Liminar determina reintegração de posse de prédio ocupado em Porto Alegre
Após manhã tensa, Defensoria conseguiu negociar permanência de moradores, que são vítimas das cheias na Capital
Foto: Tatiana Py Dutra/Revista Movimento
Há 10 dias, cerca de 50 famílias vítimas da enchente em Porto Alegre e em cidades da região metropolitana ocupam um prédio abandonado no Centro da Capital. Ante as dificuldades encontradas nos abrigos provisórios e as promessas do governo federal de requisitar imóveis privados desocupados para habitação, as cerca de 109 pessoas já faziam planos de permanecer no local – inclusive, fazendo melhorias no prédio.
Mas o capital econômico é implacável. Nesta segunda-feira (3) gelada e chuvosa, os ocupantes foram surpreendidos pela chegada de uma oficial de Justiça Ela portava uma liminar para reintegração de posse expedida pelo juiz Paulo Cesar Filippon, da 8ª Vara Cível do Foro da Comarca de Porto Alegre. O mandato, favorável a Arvoredo Empreendimento Imobiliários Spe Ltda, determinava a retirada imediata dos ocupantes, após identificação.

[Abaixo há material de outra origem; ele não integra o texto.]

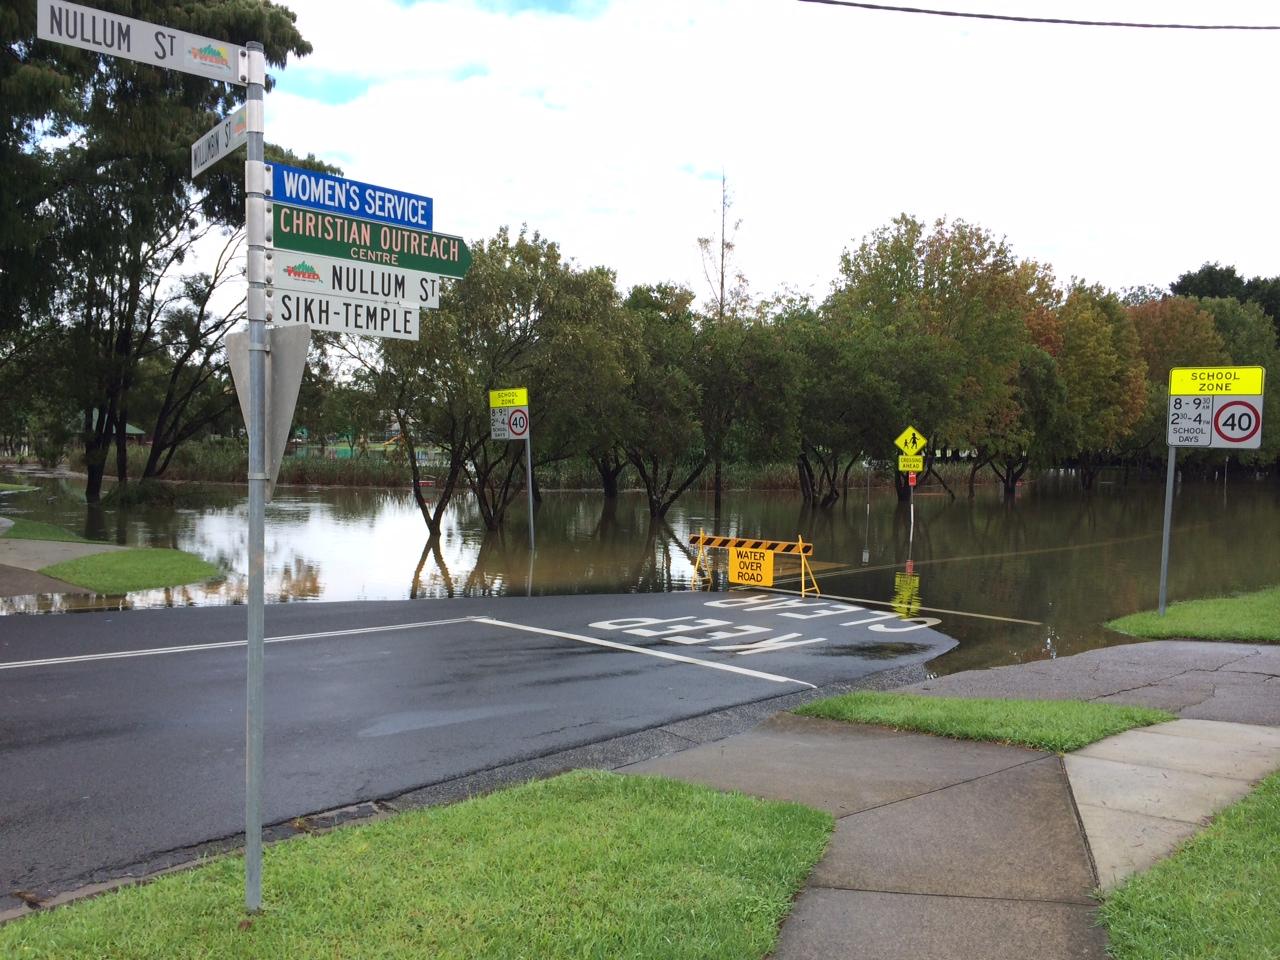 Nullum St, Murwillumbah, has been closed due to heavy rains overnight.

Curiosamente, o documento não indicava para qual local os novos habitantes seriam levados, nem como.
“É desumano jogar a gente na rua. Não temos lugar para voltar”, reclamou um morador.
Outro fato estranho foi a presença da Polícia Civil na ação – papel que caberia à Brigada Militar (BM). Os agentes portavam metralhadoras e vestiam balaclavas, na aparente intenção de intimidar os moradores do prédio. Sem advogado constituído, a associação dos moradores da ocupação contou com o apoio da Defensoria Pública para negociar sua permanência no local. Ainda assim, a oficial de justiça e um advogado representante da empresa proprietária do prédio abandonado estavam irredutíveis em fazer cumprir a ordem judicial.
A tensão só se reverteu com a chegada da BM, quase no fim da manhã. Um capitão da corporação alertou a oficial de Justiça que o procedimento de retirada dos moradores estava irregular.
“Ações de reintegração de posse exigem negociações prévias, reuniões para que a situação transcorra de forma pacífica. Não é possível promover a retirada dessa forma”, esclareceu o capitão.
A intervenção do policial militar favoreceu o encaminhamento de uma reunião entre uma comissão de moradores e órgãos públicos relacionados à luta pela moradia e Direitos Humanos para negociar uma solução para o impasse. O encontro foi marcado para a próxima quarta-feira, na Assembleia Legislativa.
“Nós vamos preparar uma lista dos moradores com as idades, para saber quantos idosos, mulheres e crianças vivem no local, e encaminhar um pedido de suspensão do cumprimento do mandato”, anunciou o defensor público João Carmona.
Presidente do PSOL em Porto Alegre, o vereador Roberto Robaina esteve no local para dar apoio aos moradores. Ele deve oficiar a chefatura da Polícia Civil sobre o episódio.
“Aqui não tem como se cometer ilegalidade. Se não tem lugar para as pessoas ficarem, elas têm de ficar aqui. Do jeito que eles estavam fazendo a ordem de despejo, eles iam colocar as pessoas na rua”, comentou.
Ao longo de toda a manhã, moradores das redondezas estiveram no local para prestar solidariedade às vítimas da enchente, inclusive argumentando junto à oficial de Justiça e policiais civis que os ocupantes são bem quistos na vizinhança – especialmente por dar destino ao prédio abandonado, que representava risco ao bairro.
“Esse prédio está fechado há mais de 10 anos, juntando, ratos, baratas, com a laje cheia de água e ralos entupidos. A empresa que agora reivindica o prédio o deixou abandonado, o que representa perigo para a vizinhança. Para quem veio morar aqui, não há lugar na cidade que ofereça melhores condições, até porque eles estão limpando e reparando o edifício”, afirmou o empresário João Carneiro.
“Nós estamos dispostos a fazer melhorias, colocar fiação para ligar a luz. Pagar Minha Casa Minha Vida. Não temos mais casa e não queremos voltar para o abrigo. O prédio estava abandonado, por que não podemos ficar aqui? Gente de periferia não pode morar no Centro? A gente só quer uma moradia digna”, completou uma moradora.